_INSTRUCTIONS TO FOLLOW_
Output exactly, and only, the lines below from the one with "1200R - LED" down to the one with "Saginaw Control SCE-723630FS". Include both end lines and no pictures.

_INFORMATION SUPPLIED_
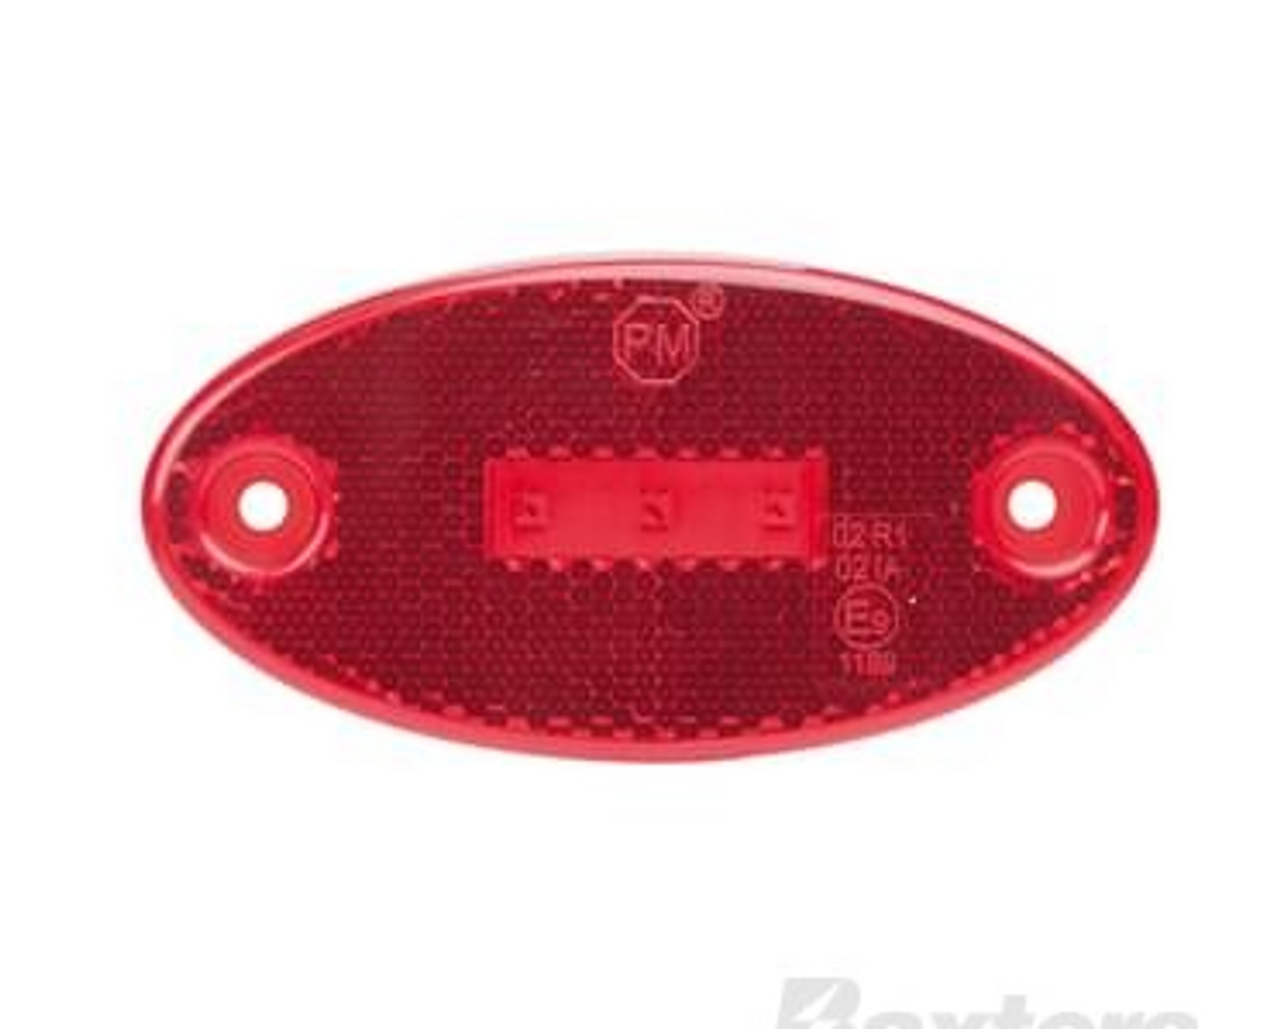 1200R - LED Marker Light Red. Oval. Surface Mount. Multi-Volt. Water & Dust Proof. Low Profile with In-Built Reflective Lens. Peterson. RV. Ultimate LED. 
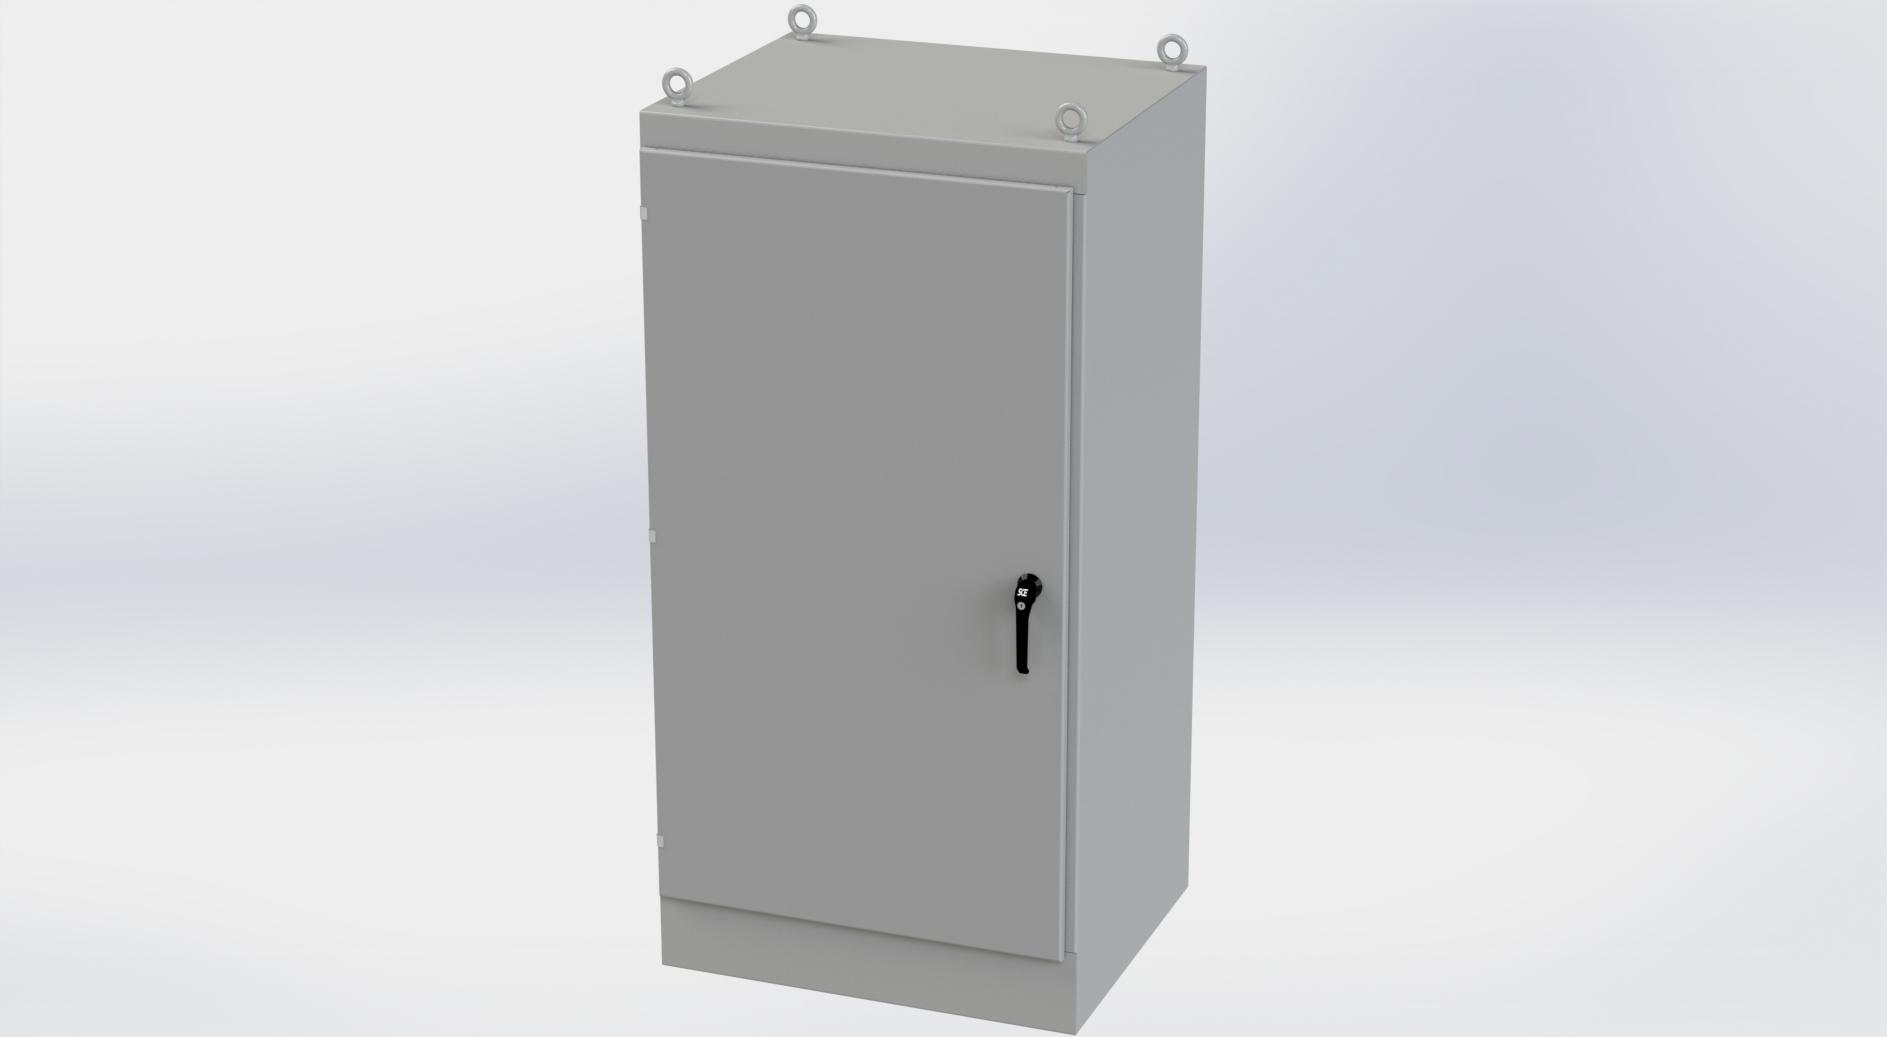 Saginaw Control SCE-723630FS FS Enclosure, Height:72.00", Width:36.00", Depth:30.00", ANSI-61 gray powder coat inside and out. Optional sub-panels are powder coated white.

--

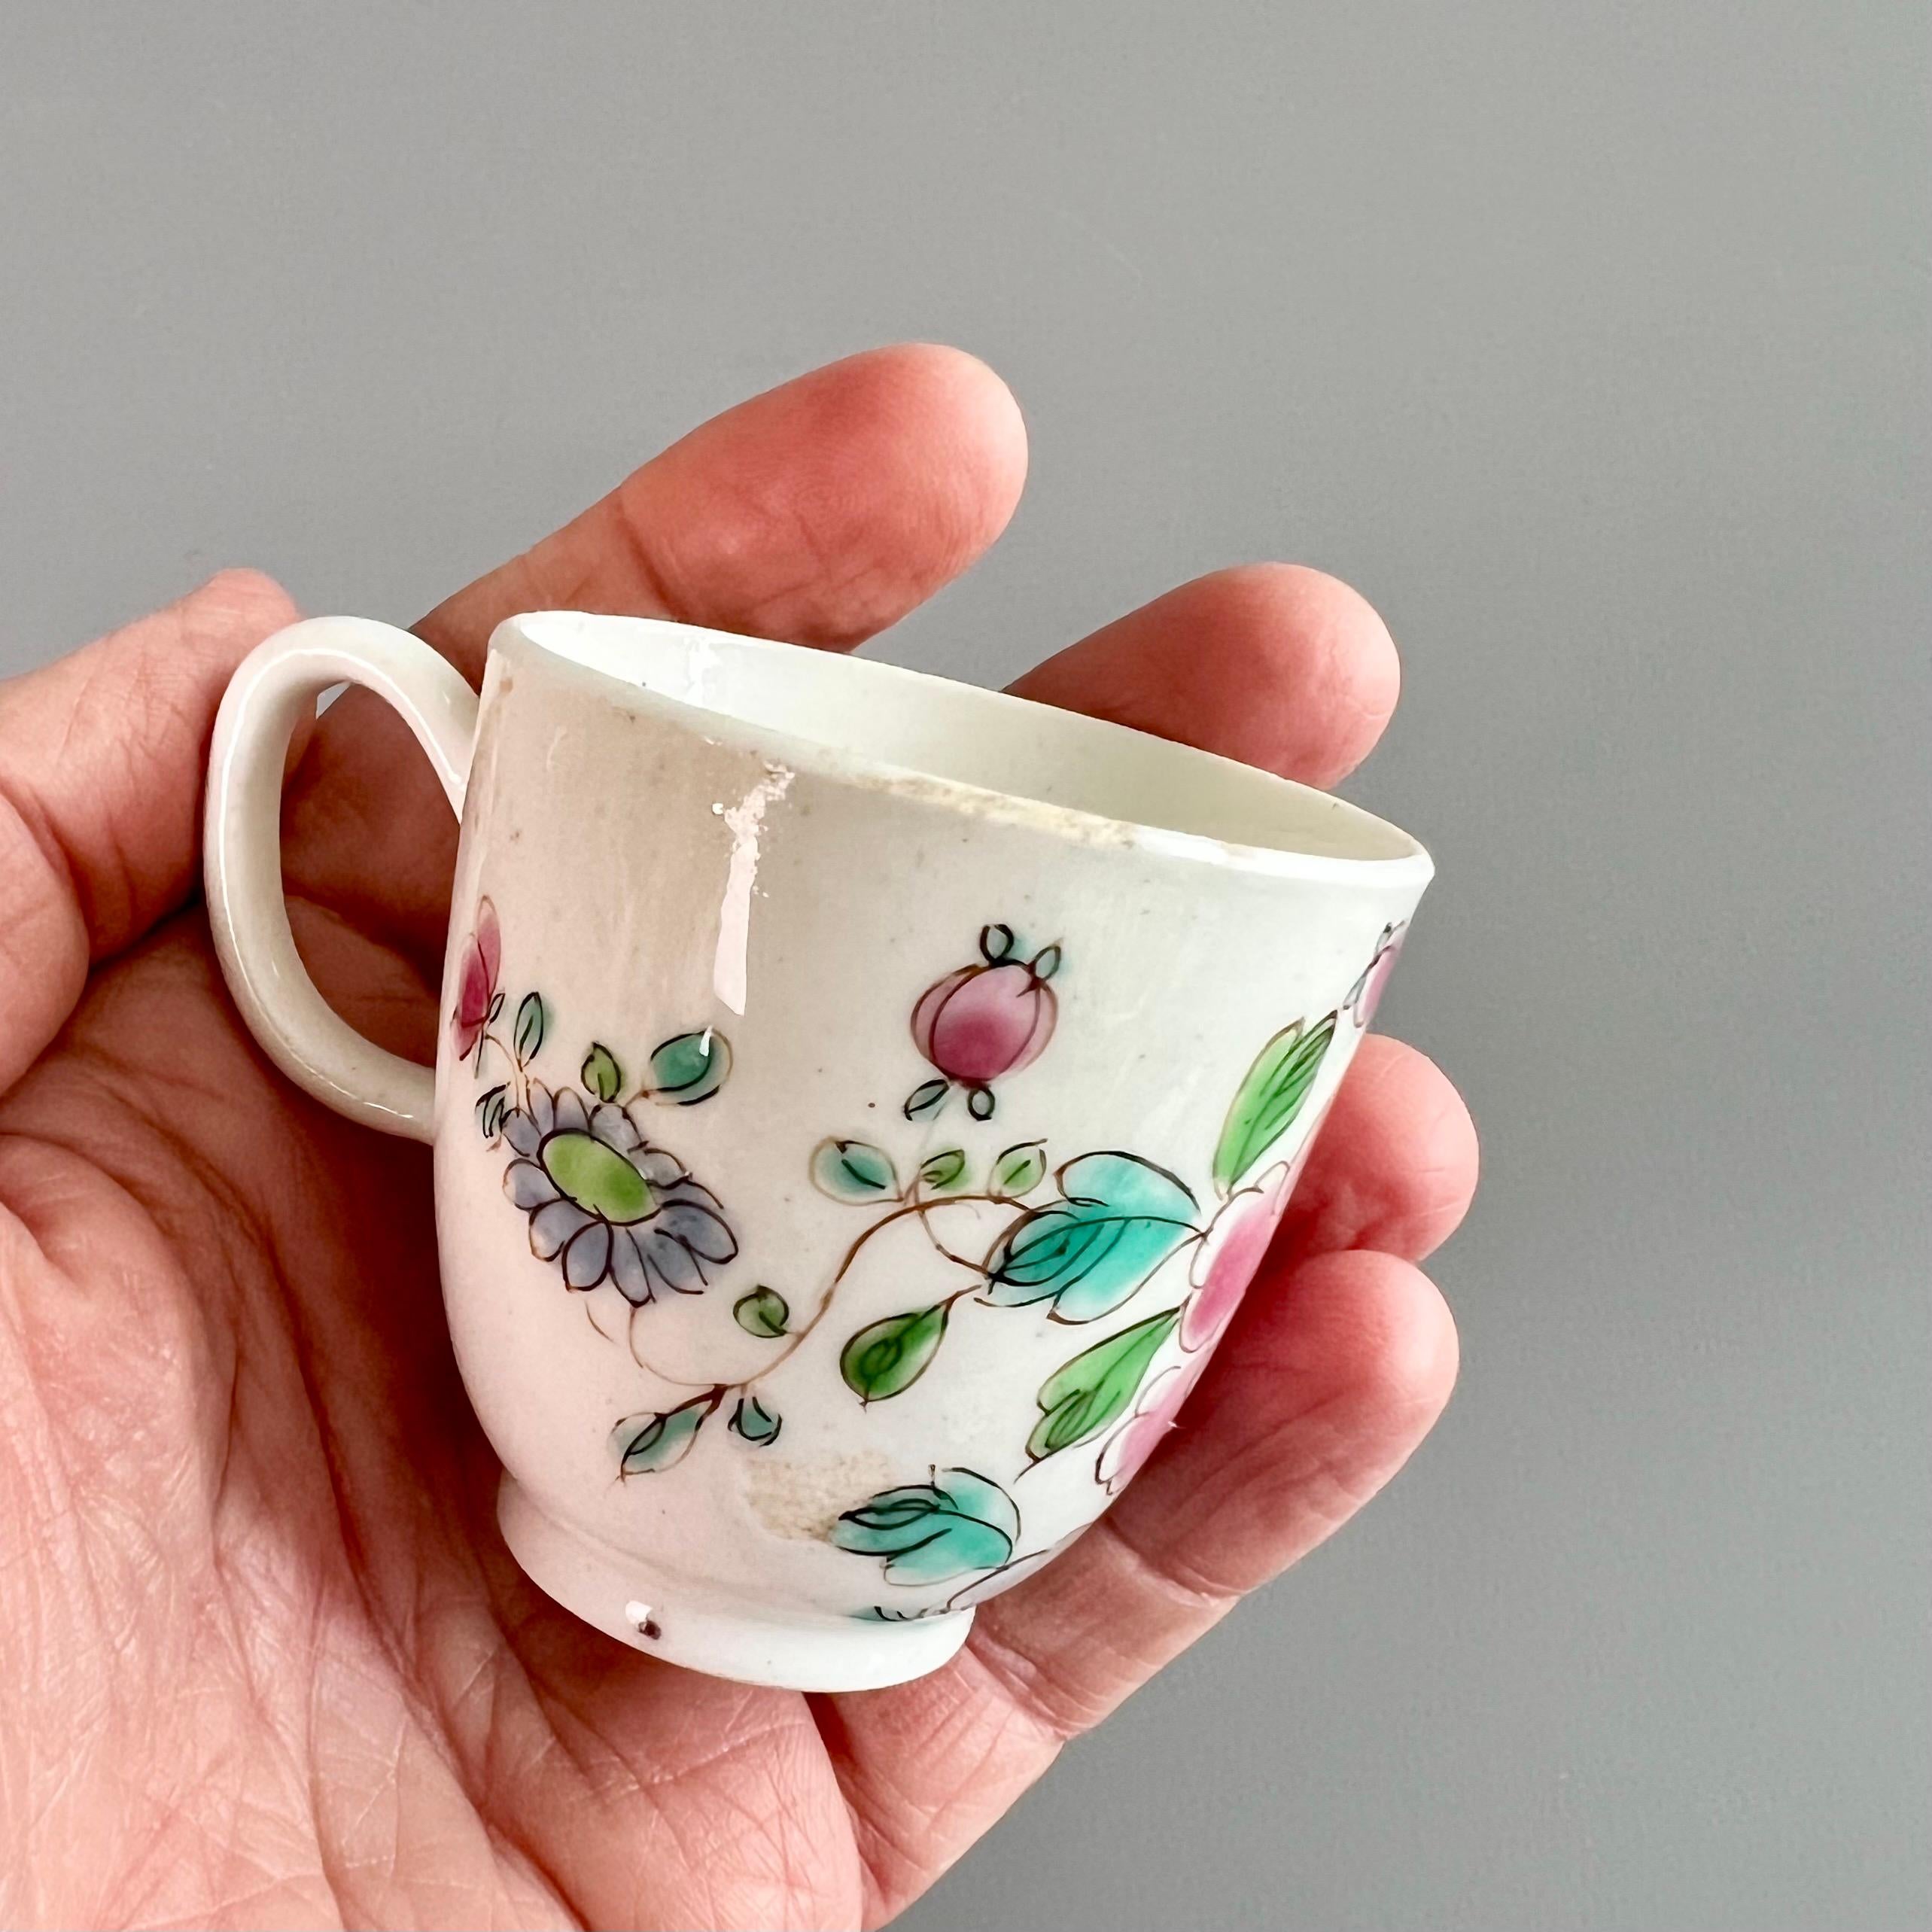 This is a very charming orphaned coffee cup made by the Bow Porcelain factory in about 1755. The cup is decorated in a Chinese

...

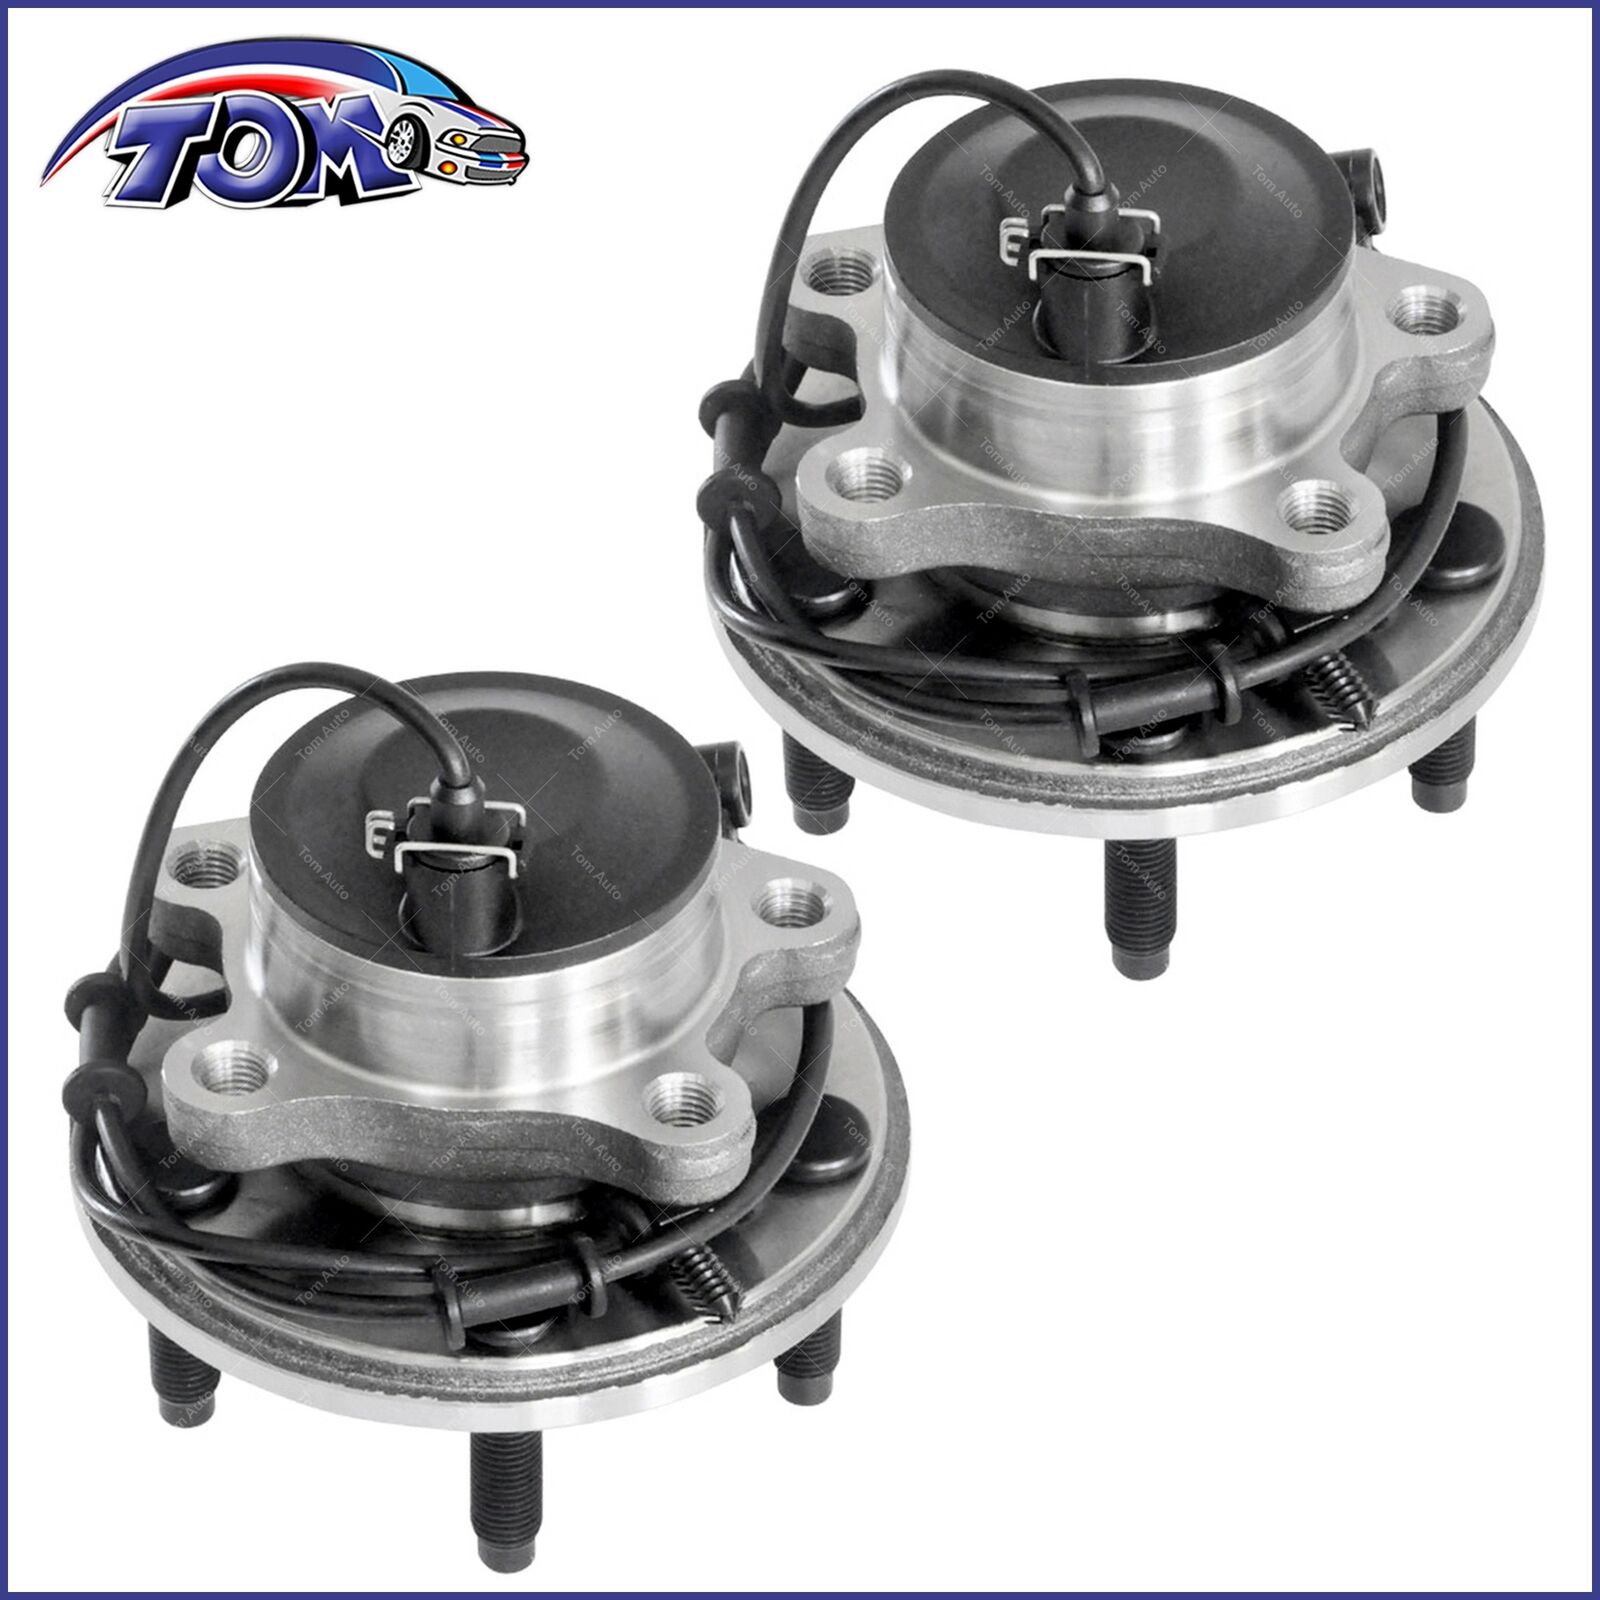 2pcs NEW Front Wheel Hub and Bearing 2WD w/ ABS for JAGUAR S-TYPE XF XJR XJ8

_ANSWER AREA_
 1200R - LED Marker Light Red. Oval. Surface Mount. Multi-Volt. Water & Dust Proof. Low Profile with In-Built Reflective Lens. Peterson. RV. Ultimate LED. 
 Saginaw Control SCE-723630FS FS Enclosure, Height:72.00", Width:36.00", Depth:30.00", ANSI-61 gray powder coat inside and out. Optional sub-panels are powder coated white.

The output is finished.